Женя подсел к ребятам, и пошёл в ход серый хлеб, горлодёр и черемша с салом.
– Я удивляюсь, Жек, как ты в этой кофте не спарился…
– Да нормально. Как горлодёрчик?
– Само то.
Обо стольком хотелось расспросить мужиков: о ценах, о самих машинах, о ловушках, подстерегающих покупанов, и о том, сильно ли хлобучат перегонов на дороге. Но он всё не решался и шёл окольными путями, например, спрашивал, сколько машин может перегнать один человек.
– Пять, – не моргнув, отвечал Миха.
– Как пять?
– Так. Грузовая. Десятитонка. – Миха снова убедительно загибал пальцы и глядел в глаза. – «Сороконожка» «нина», допустим, в неё две тачки втыкаем, это уже три! А сзади на сцепке ещё воровайка поменьше… В ней ещё одна. Вот! – он оглядел присутствующих с видом фокусника. – Пять штук выходит.
– Так краснодарцы возили, – пробасил, проходя мимо, рослый и крепкий мужик, видимо, из другого вагона.
Женя только восхищённо покачал головой, не понимая, правда ли это, или Миха подыграл, и оно было неважно – столь точным показалось название «сороконожка», передающее образ длинного бескапотного грузовика с двумя рядами передних колёс. Да и то, что Миха экономно назвал Hino «ниной», тоже многого стоило…

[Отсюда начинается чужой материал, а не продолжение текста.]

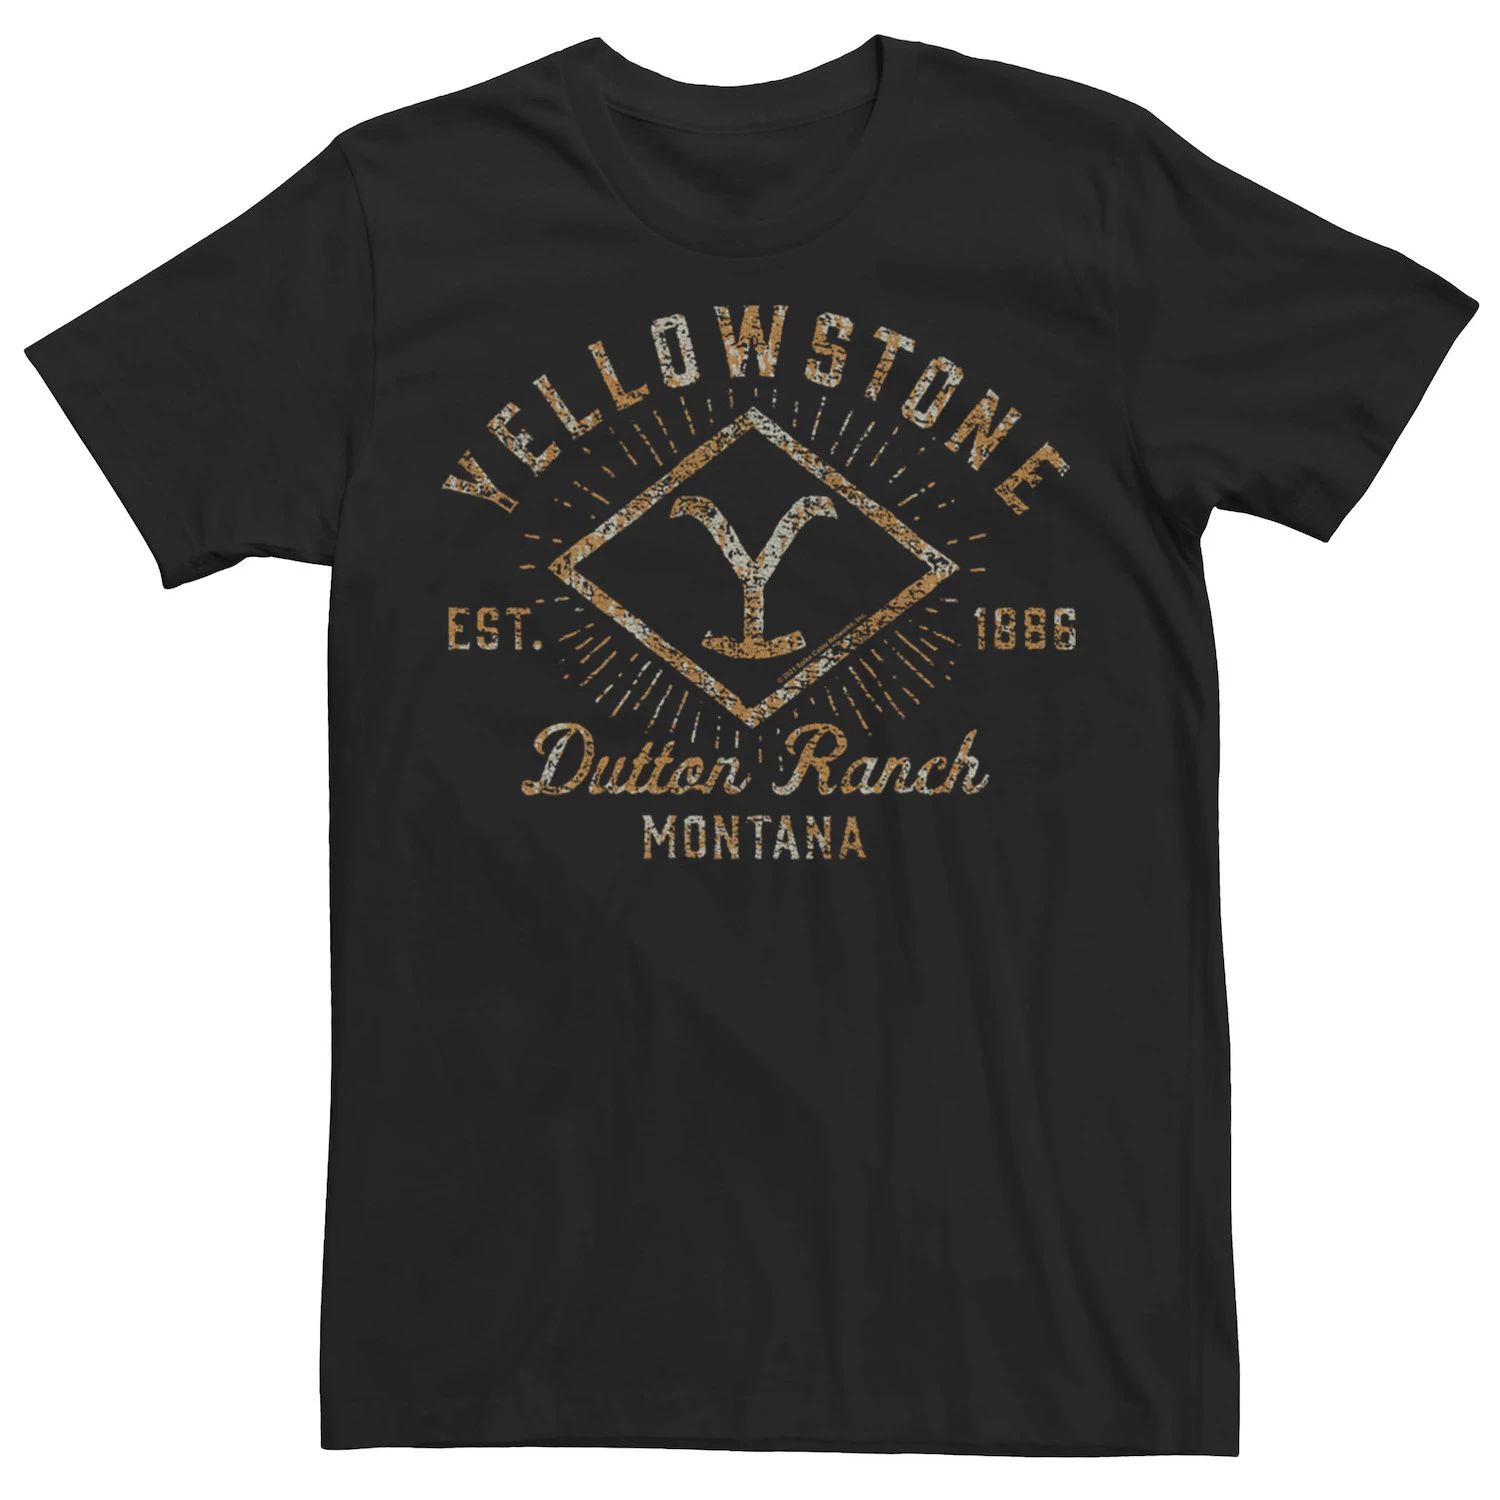 Мужская футболка с потертым логотипом Yellowstone Dutton Ranch Licensed Character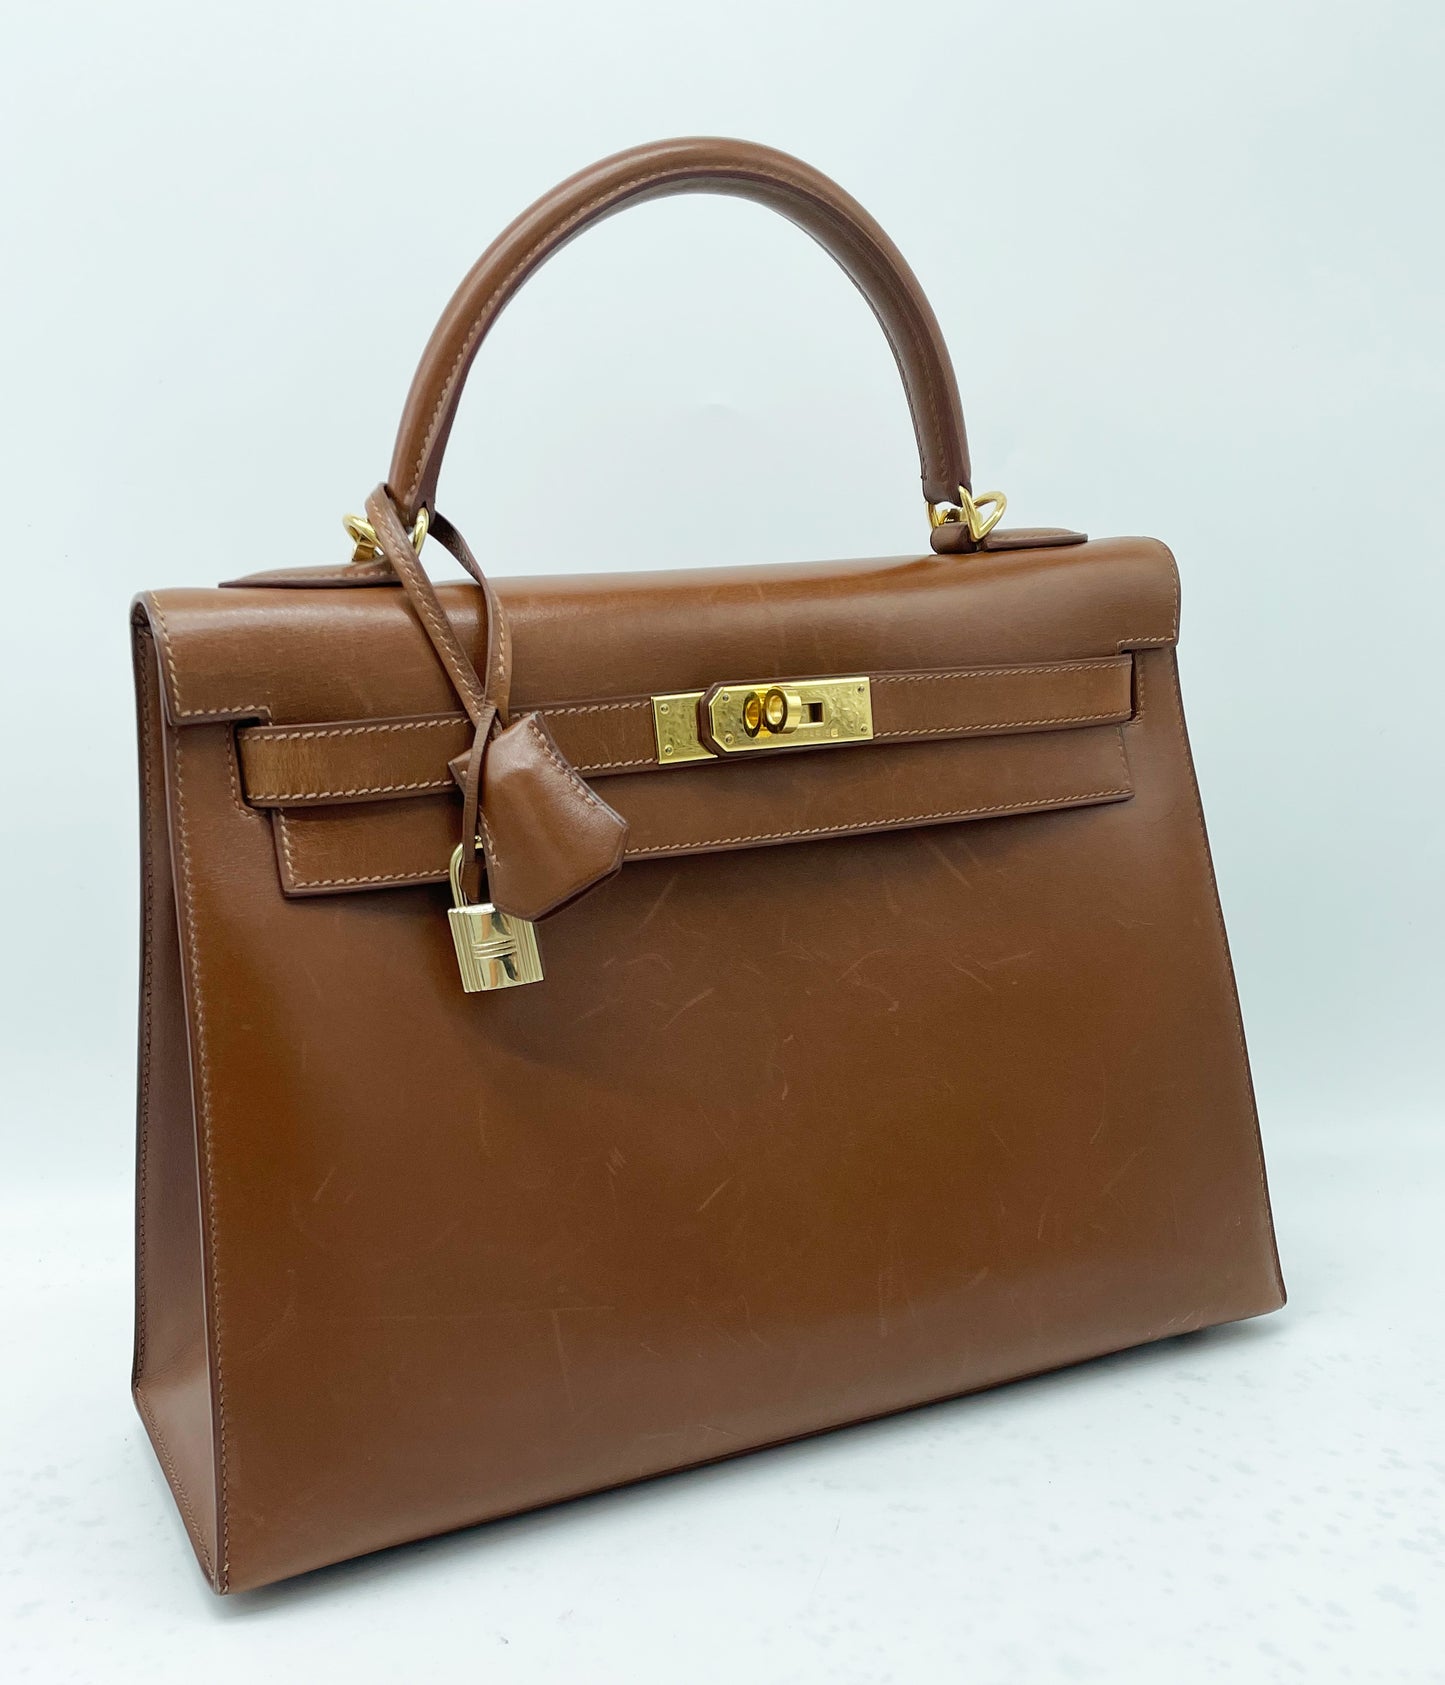 Hermes Kelly bag in hazelnut box leather 32cm

Так всё и шло. И ещё долгие сутки осилил поезд вместе со своими пассажирами и бежал теперь по Амурской области. В Ерофее села аппетитнейшая налитая деваха – настолько полнотелая, пышущая, сияющая и ярко накрашенная, что вокруг неё немедленно заварился неимоверный курултай.
– Оля, ты пиво будешь?
– Я пиво не пью.
– А что пьёшь?
– Шампанское… это… полусладкое. И текилу…
– А мы текилу не пьём… Её кактусами закусывают…
– Правда?
– Мочёными…
– Ну. А они у нас кончились…
– Ещё в Кабанске…
– Ну. Их по ходу кабаны схрюкали… – вставил Вовчик, совсем парнишка из Минусинска. Парни молча стыли от хохота, каждый отпадал со своей застывшей гримасой и сияющими глазами…
– Да нет, Вовец, ты чо-то путаешь – в Хохотуе…
– Не в Хохотуе, а в Таптугарах…
– Да фиолетово… Так что, Оль, думай… пока пиво есть…
– Ну, вообще, ладно, давайте…
– Ну, вот и молодец! А чо так всухую сидеть? Ну, давай… За знакомство…
– Давайте.
– Оль, а ты где работаешь? – продолжали пытать её мужики.
– В стоматологии.
– В зубном?
– В стоматологии.
– А чо, зубной и стоматология не один хрен?
– Ну лан, Кость… – говорил Миня, – пусть в стоматологии…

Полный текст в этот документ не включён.